In September 2014, I was working as a watch officer in the U.S. State Department’s Operations Center, the 24/7 nerve center that monitors world events and responds to global crises. This meant I had a front row seat to the expansive U.S. government response to the Ebola epidemic that rocked West Africa that year. It was the biggest outbreak of Ebola so far with more than 11,000 deaths reported.
I was on the watch floor when we found out that an American doctor working on the response had contracted the disease in Sierra Leone, and the U.S. government was arranging to evacuate him back to the United States for treatment. That doctor happened to be my friend Ian Crozier. I’d been emailing with him about the crisis only days before. He would not have survived without the specialized care and facilities he was able to access at home.
As the current Ebola epidemic unfolds, I can’t help but wonder what might have happened, to him and the world, if the United States had different leadership then. In a break with past practice, the current administration isn’t even bringing affected Americans back home for treatment.
The withdrawal from the World Health Organization during the second administration of President Donald Trump; massive cuts to foreign aid; dismantling of the U.S. Agency for International Development, our country’s flagship foreign assistance agency; and gutting of global health staff at the Centers for Disease Control and Prevention have put us and the world at far greater risk from epidemics like this one.

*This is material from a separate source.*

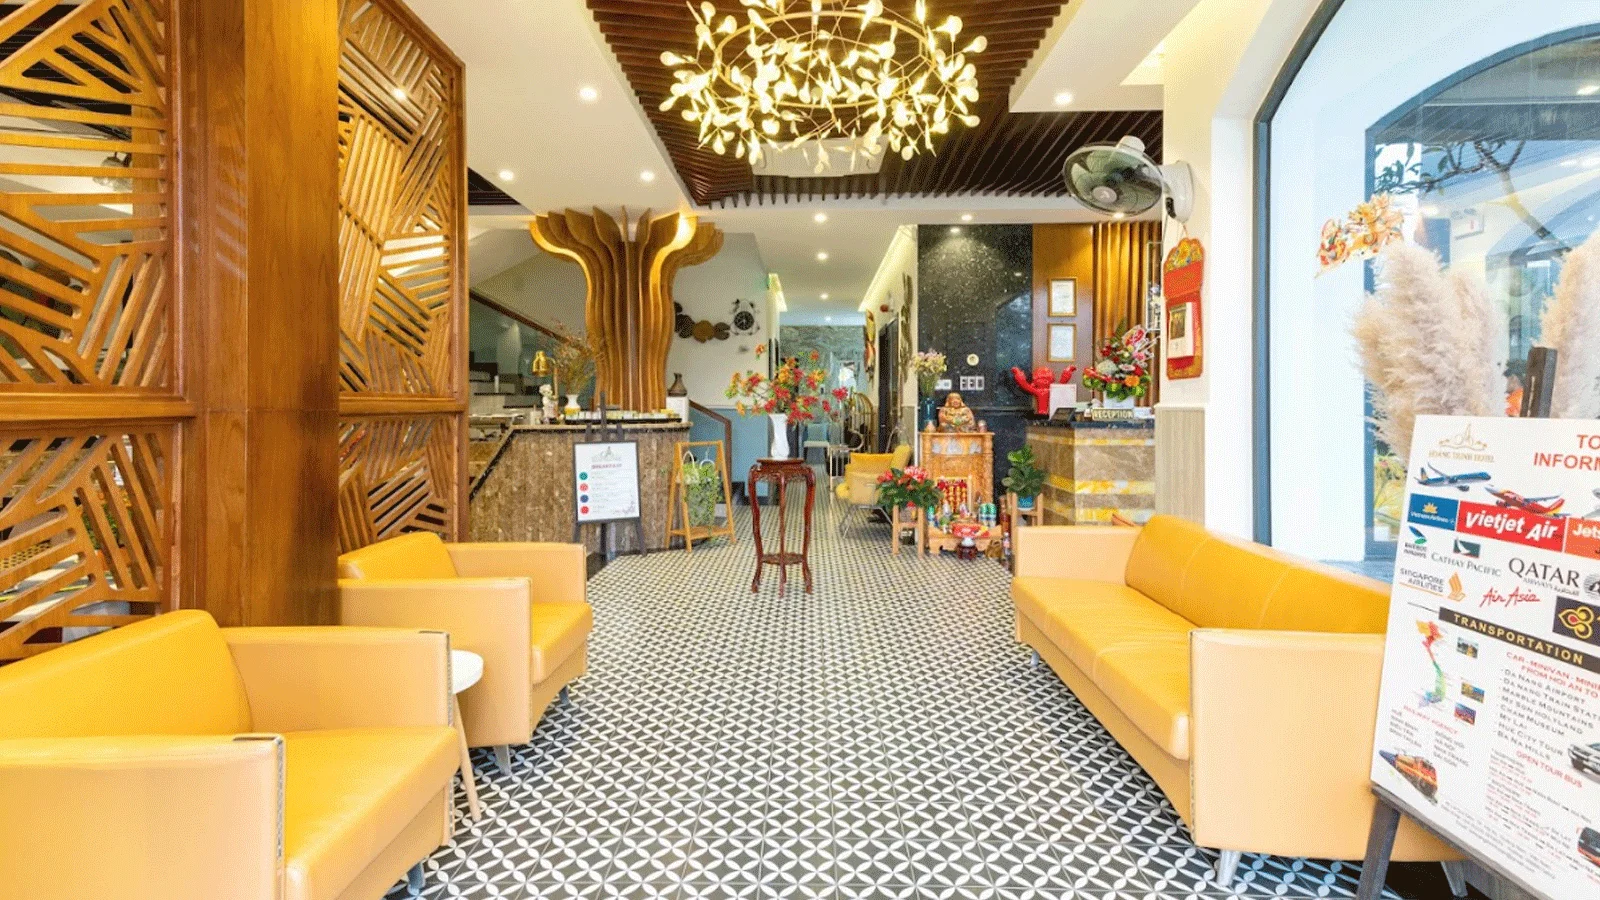 Khách sạn Hoàng Trinh Hotel Hội An

U.S. foreign aid funded detection and containment capabilities through community health workers in the region. It funded healthcare infrastructure, such as clinics, labs and testing facilities, and basic supplies, such as gloves, masks and other essential protection for healthcare workers. It funded nongovernmental organizations that worked in remote places to monitor, treat and manage illness. When USAID was dismantled, much of the global healthcare infrastructure across Africa died with it, leaving communities in vulnerable areas with little ability to effectively detect or contain infectious disease.
By withdrawing our funding, expertise and participation from the WHO, the United States also severely eroded the capacity of the global institution best positioned to respond to epidemics.

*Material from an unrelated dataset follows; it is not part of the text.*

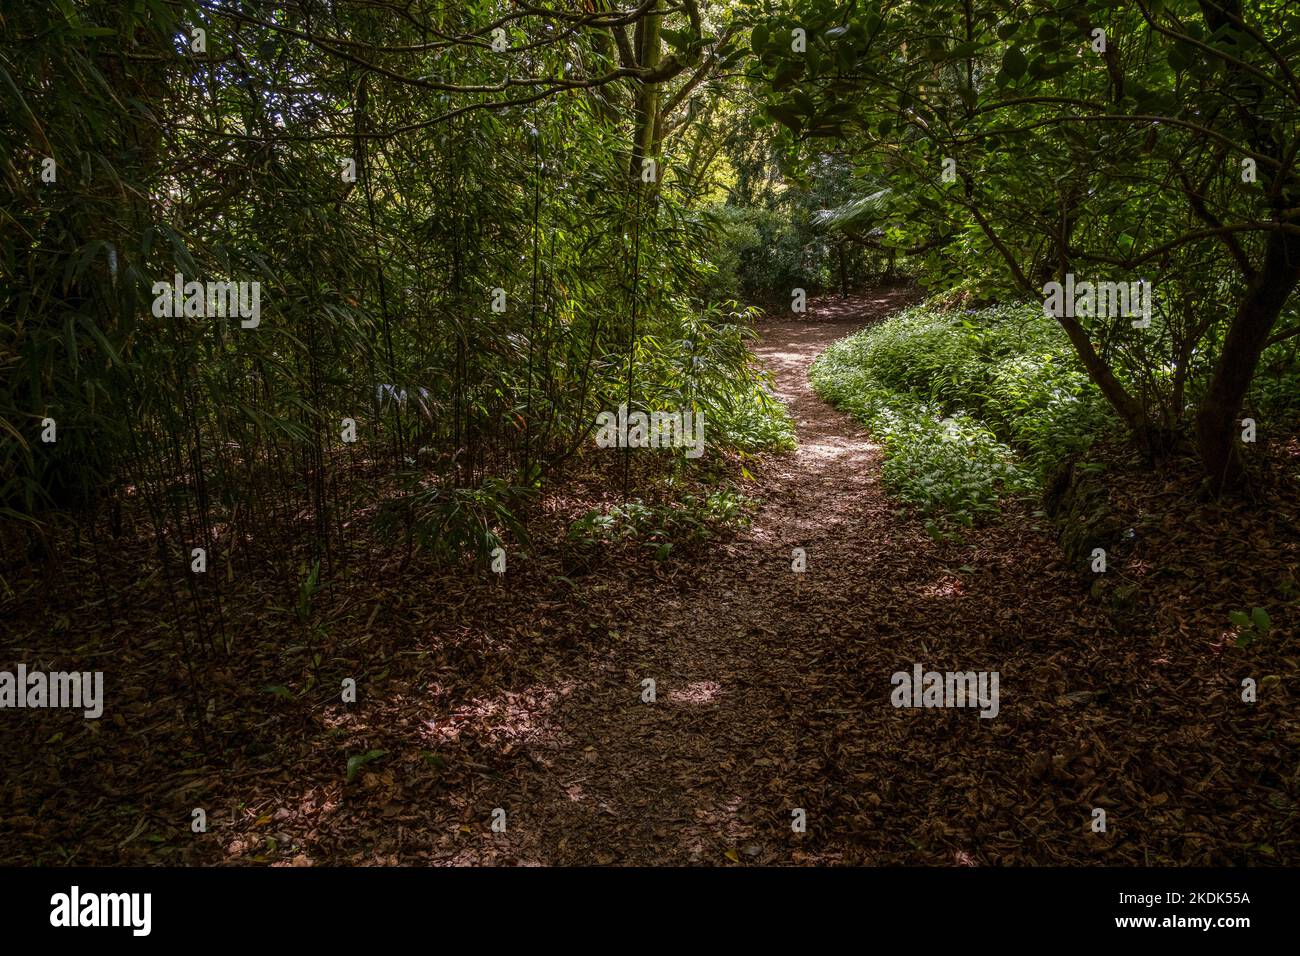 Un sentier à travers le jardin sauvage subtropical Penjjick à Cornwall. Penjerrick Garden est reconnu comme le véritable jardin de la jungle de Cornmurals en Angleterre Banque D'Images

Even this administration seemed to understand that Ebola prevention should be an “America First” priority. During a Cabinet meeting last year, Elon Musk noted that Ebola prevention funding was “accidentally” canceled by his so-called Department of Government Efficiency, but assured the president and the public that it was quickly restored. “I think we all want Ebola prevention,” he said. But that “mistake” was not in fact corrected. Funding for healthcare response in the region was gutted, and many experts in high-risk outbreaks were pushed out of the government, leaving America ill prepared to act.
In 2014, the U.S. response involved billions of dollars, the deployment of nearly 200 USAID and the CDC experts, and 1,800 Defense Department personnel. The U.S. government worked closely with the WHO and countries across the affected region and the world. Existing U.S.-funded healthcare programs meant the human and physical infrastructure was already in place to enable early detection and facilitate effective response.
Even that highly coordinated international response had many shortcomings, but the lessons learned should have positioned the world to respond better to this crisis today. Instead, the global response has been delayed and hobbled. About 900 suspected cases and 220 suspected deaths have been tracked so far, but no one understands its real scale yet. Most prior Ebola outbreaks ended before they reached this level.
This epidemic faces other serious complications. No approved vaccines or therapeutic treatments exist yet for this Ebola strain, and its long incubation period — two to three weeks rather than two to three days — facilitates the spread, since people who appear healthy can carry it longer and farther without detection.
The front lines of the epidemic are also the front lines of a war, making it harder to treat, and the region’s porous borders make it harder to contain. At least three health facilities have been attacked so far, leading infected patients to flee. The rapid influx of new resources and officials in a region raised deep suspicion in the local population, and that suspicion itself remains an obstacle to treatment and containment of the disease.
This outbreak has spread from the Democratic Republic of Congo to Uganda, and officials fear it may have already traveled beyond those two, since eight countries border the affected region. The Africa CDC is doing its best to organize a robust response, but its aim to raise $319 million seems paltry compared with what similar outbreaks have needed in the past.
But the past was a very different operating environment for global healthcare. The question is whether this outbreak will serve as a warning that triggers the U.S. government to reinvest in global health while it still can, or if that warning will come too late.
Elizabeth Shackelford is a senior adviser with the Institute for Global Affairs at Eurasia Group and a foreign affairs columnist for the Tribune. She is also a distinguished lecturer with the Dickey Center at Dartmouth College. She was previously a U.S. diplomat and is the author of “The Dissent Channel: American Diplomacy in a Dishonest Age.”